13. The method of claim 12, wherein the biopsy is a liquid biopsy, preferably a blood sample.

14. The method of claim 12 or claim 13, wherein the patient is treated by therapy between the first and second biopsy.

15. The method of claim 14, whereby the therapy is selected from surgery, chemotherapy, radiation therapy, targeted therapy, immunotherapy, stem cell or bone marrow transplant, hormone therapy, or a combination thereof.

16. Immunotherapy, including an immune checkpoint inhibitor such a PD1/PDL1 inhibitor and/or a CTLA-4 inhibitor, for use in a method of treating of a cancer patient with a structural variant (SV) in at least one of WWOX, GMDS, FHIT and PIBF1.

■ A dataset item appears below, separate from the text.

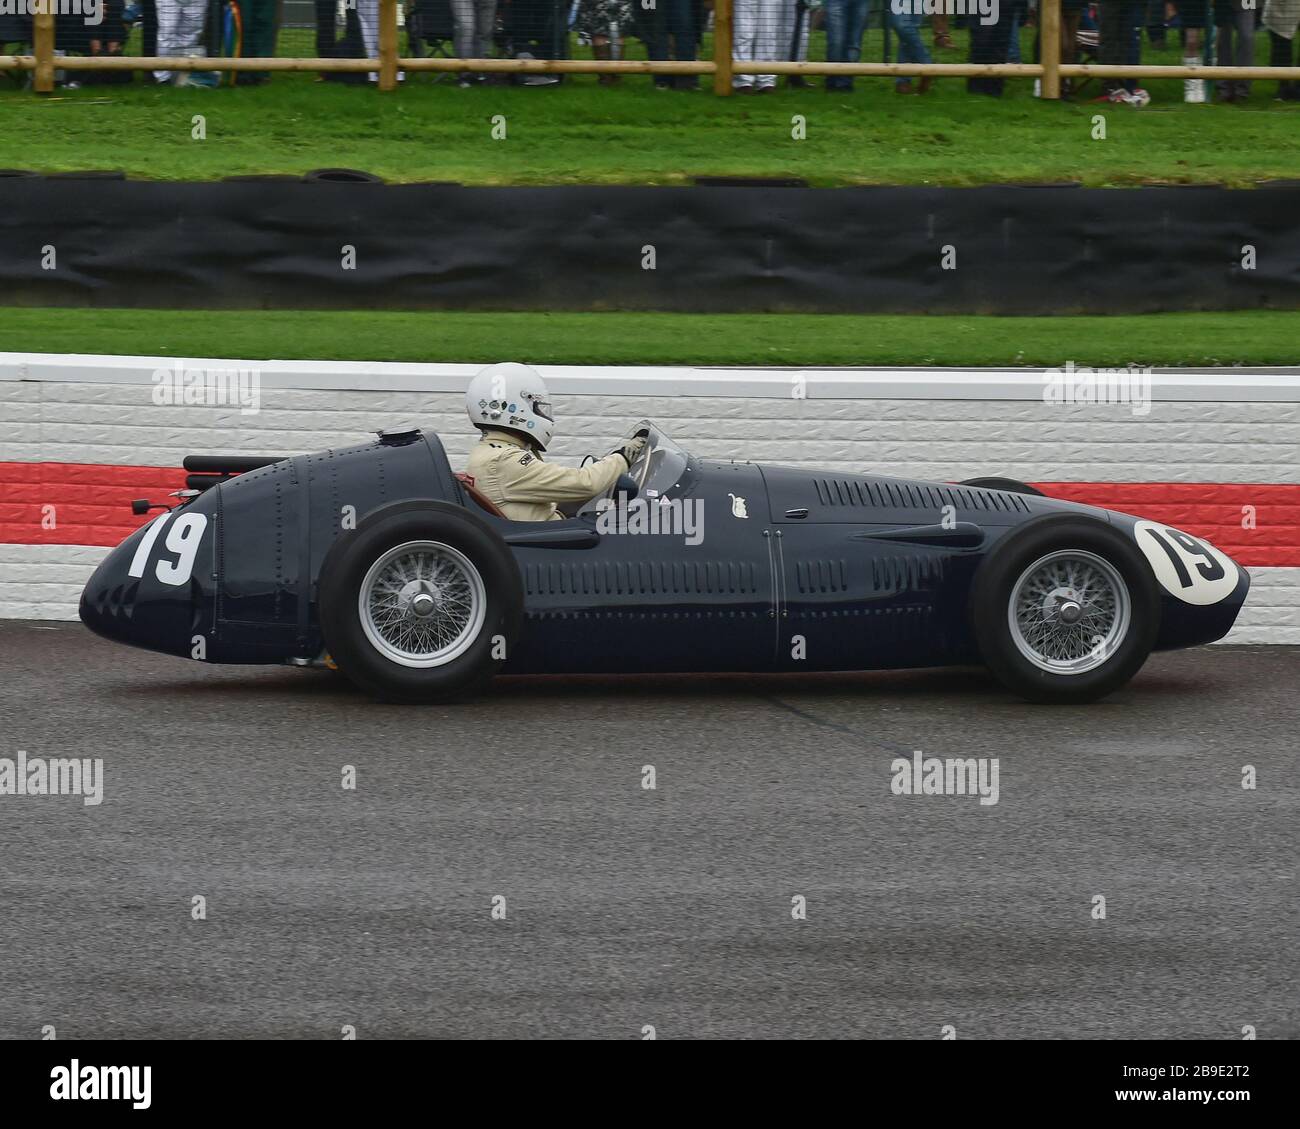 Gary Pearson, Maserati 250F, Richmond Trophy, Front engined Grand Prix cars, Formula Libre, Goodwood Revival 2017, September 2017, automobiles, cars, Stock Photo

17. Capecitabine and oxaliplatin, optionally combined with a vascular endothelial growth factor inhibitor such as bevacizumab, ziv-aflibercept, or ramucirumab, an epidermal growth factor receptor inhibitor such as cetuximab or panitumumab, irinotecan, trifluridine and tipiracil, or a combination thereof, for use in a method of treating a cancer patient with a SV in MACROD2, especially an SV that affects exon sequences of MACROD2.